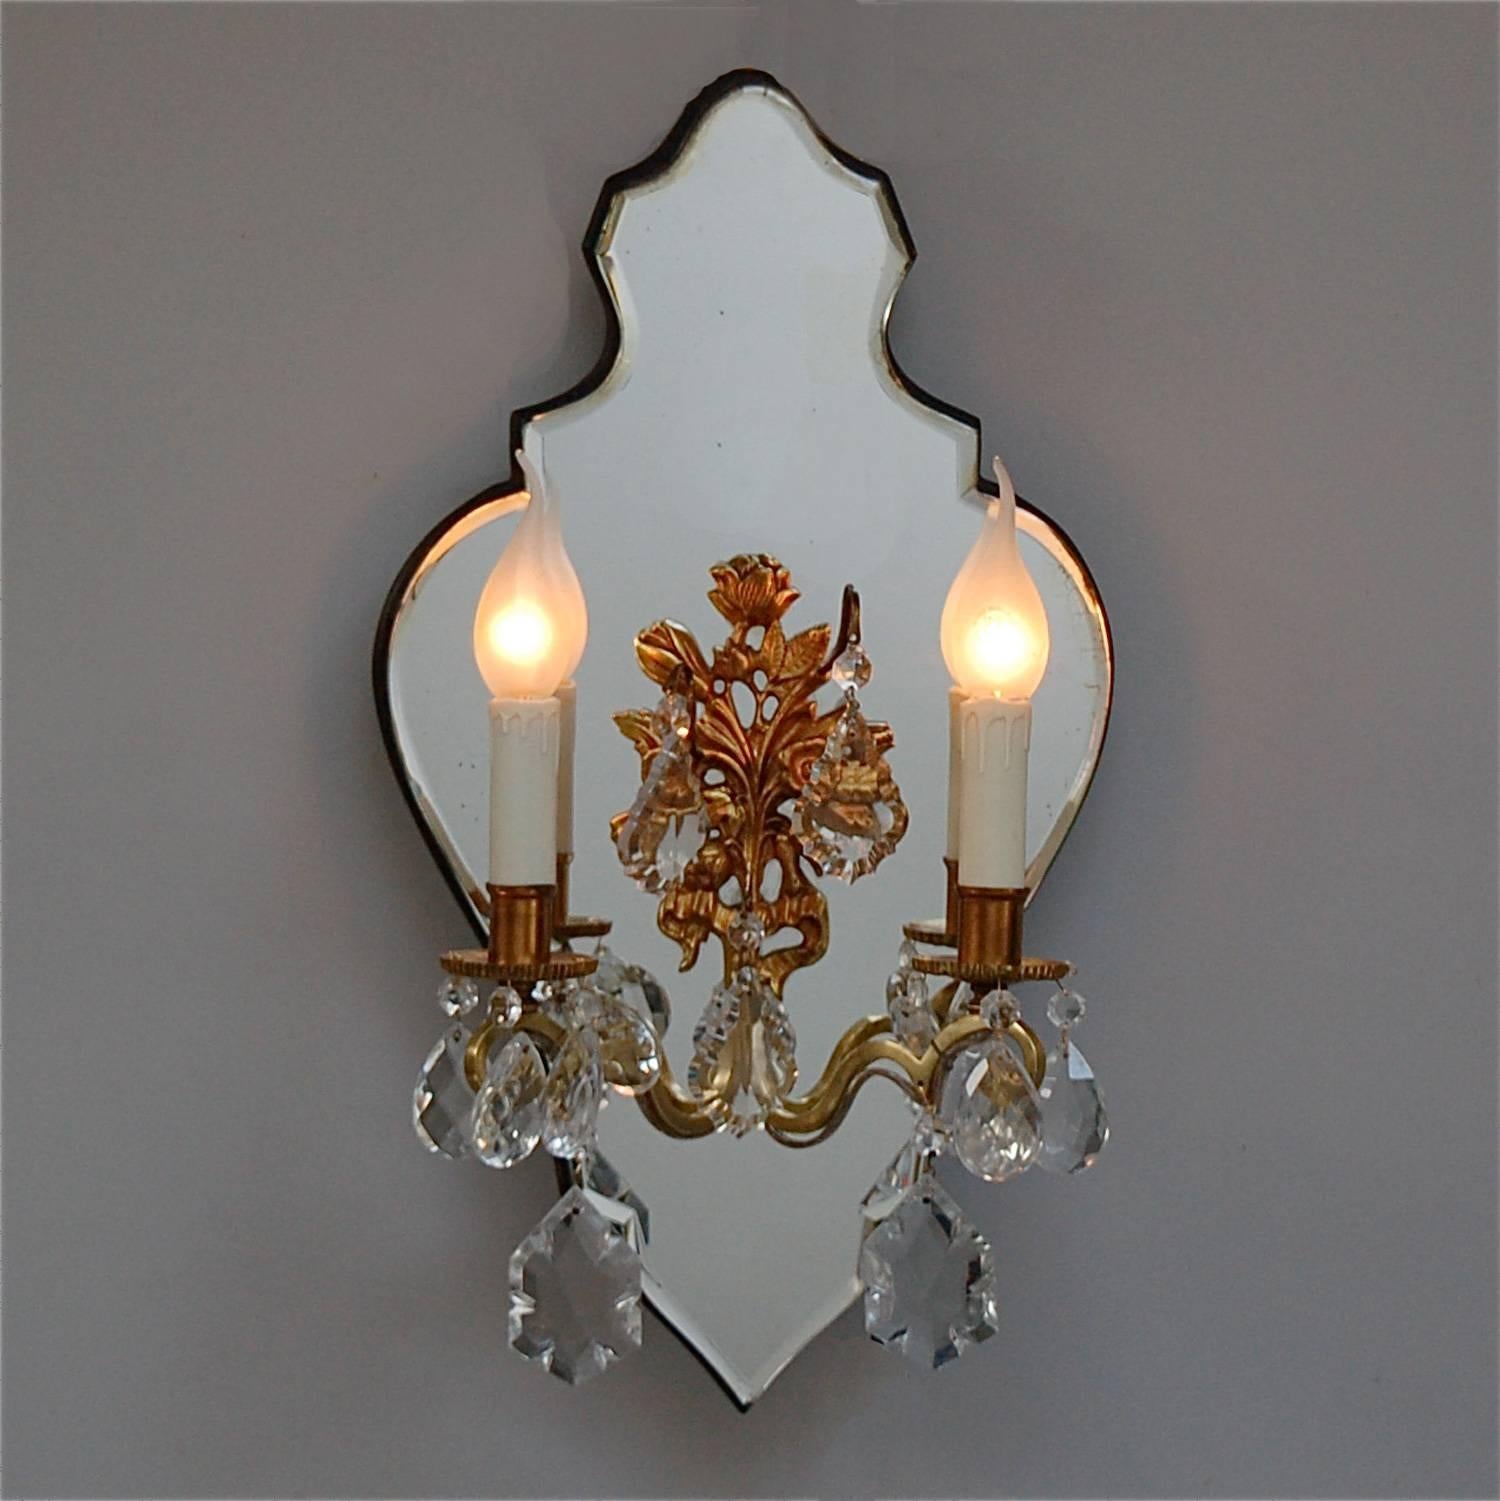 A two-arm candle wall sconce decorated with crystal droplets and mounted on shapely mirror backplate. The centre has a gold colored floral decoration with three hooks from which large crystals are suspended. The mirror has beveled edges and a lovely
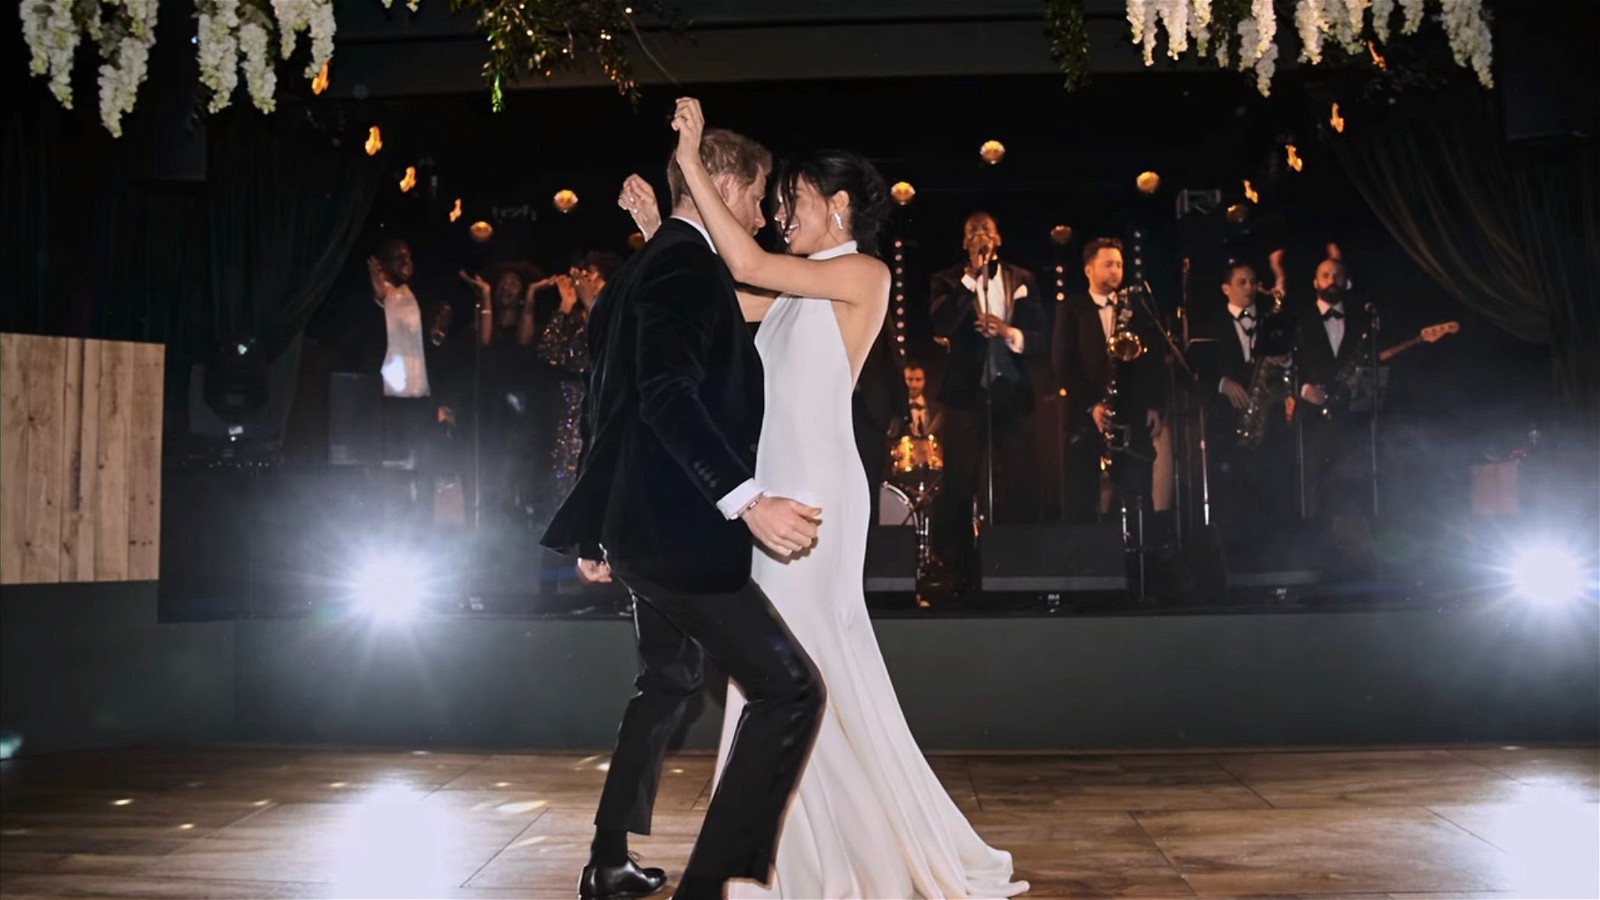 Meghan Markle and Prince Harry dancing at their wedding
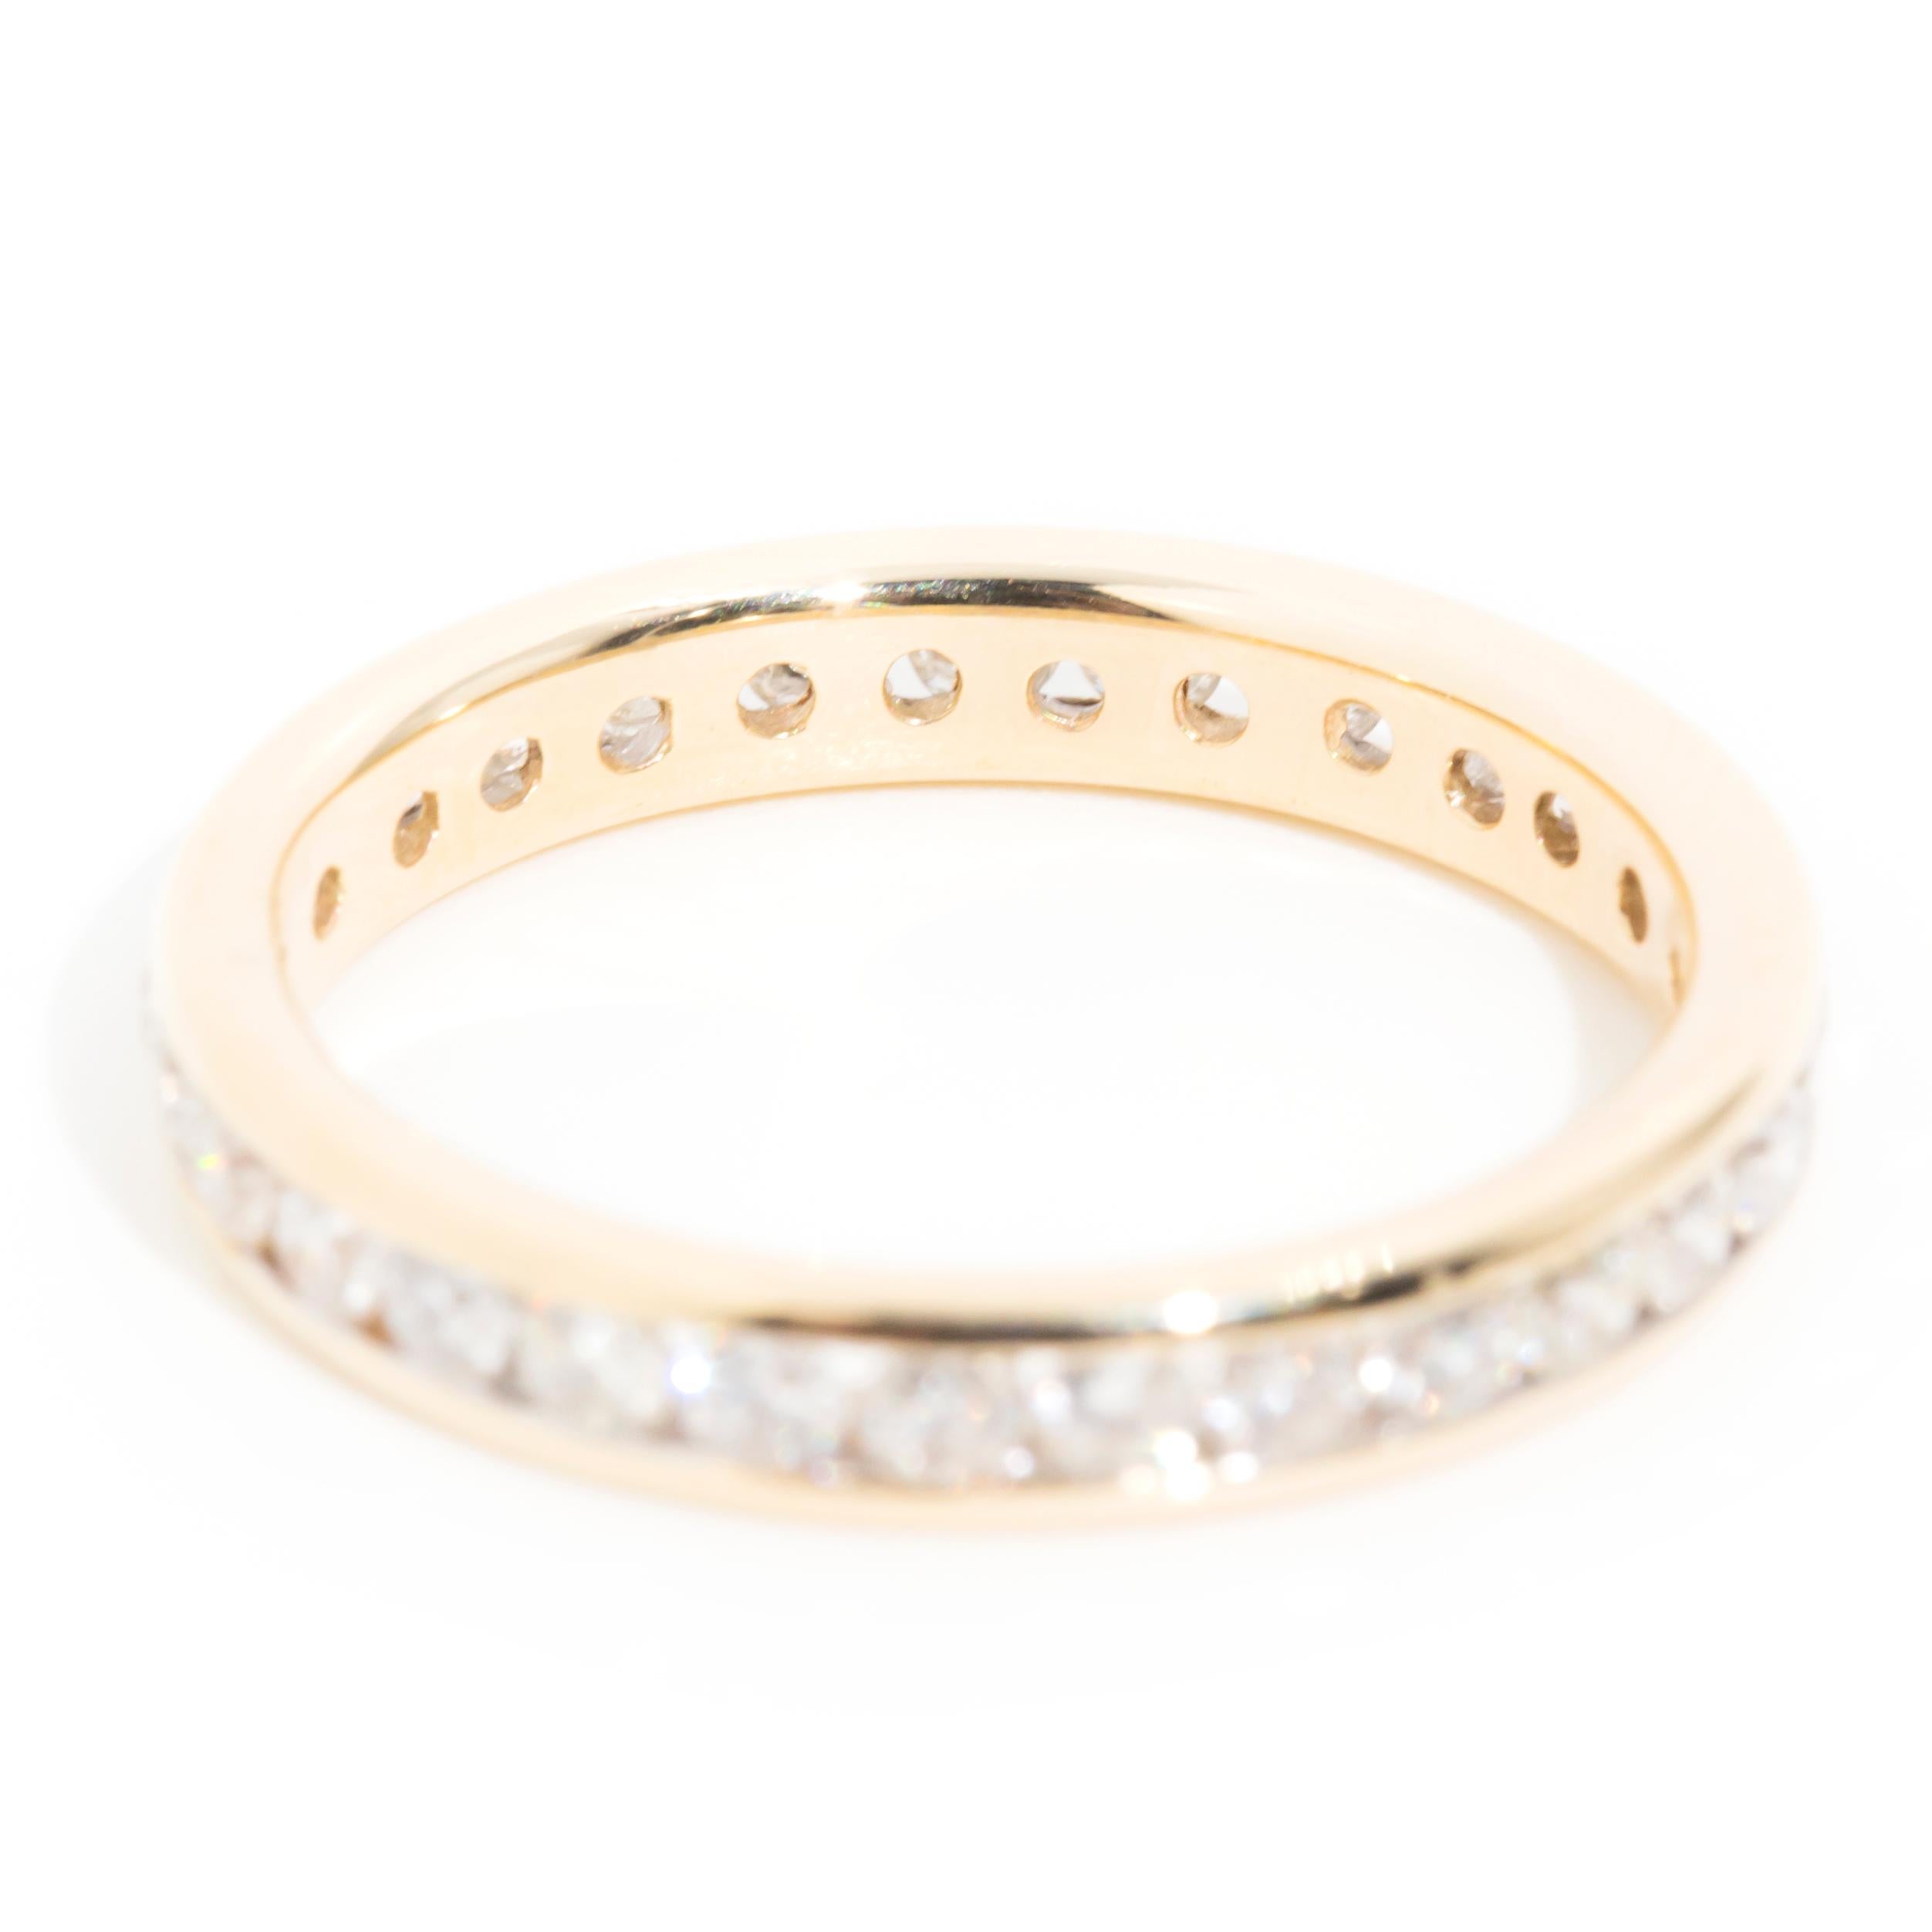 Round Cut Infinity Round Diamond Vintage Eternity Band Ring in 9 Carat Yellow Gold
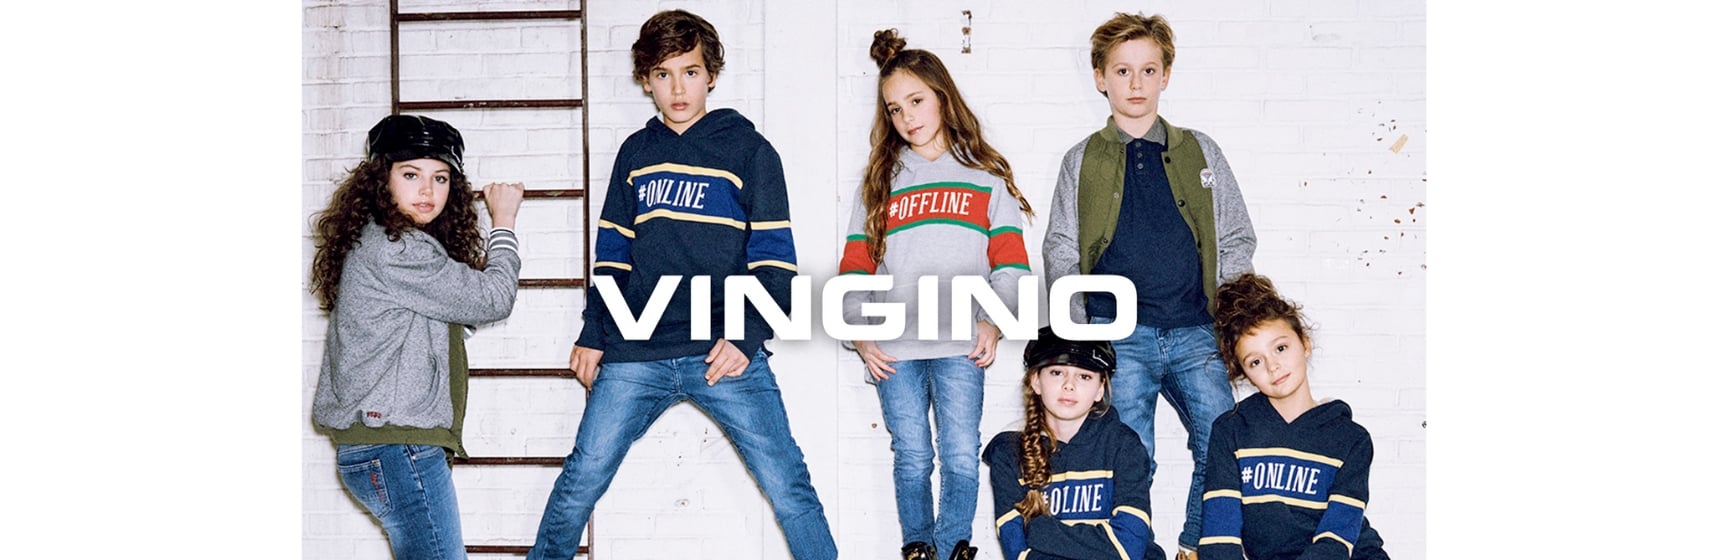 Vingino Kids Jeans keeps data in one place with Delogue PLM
-*-
From the line that contains "Round Cut Infinity" to the final line of the material, write out each line exactly. Pictures stay out.

▶ _ANSWER TO THIS EXERCISE_:
 Round Cut Infinity Round Diamond Vintage Eternity Band Ring in 9 Carat Yellow Gold
 Vingino Kids Jeans keeps data in one place with Delogue PLM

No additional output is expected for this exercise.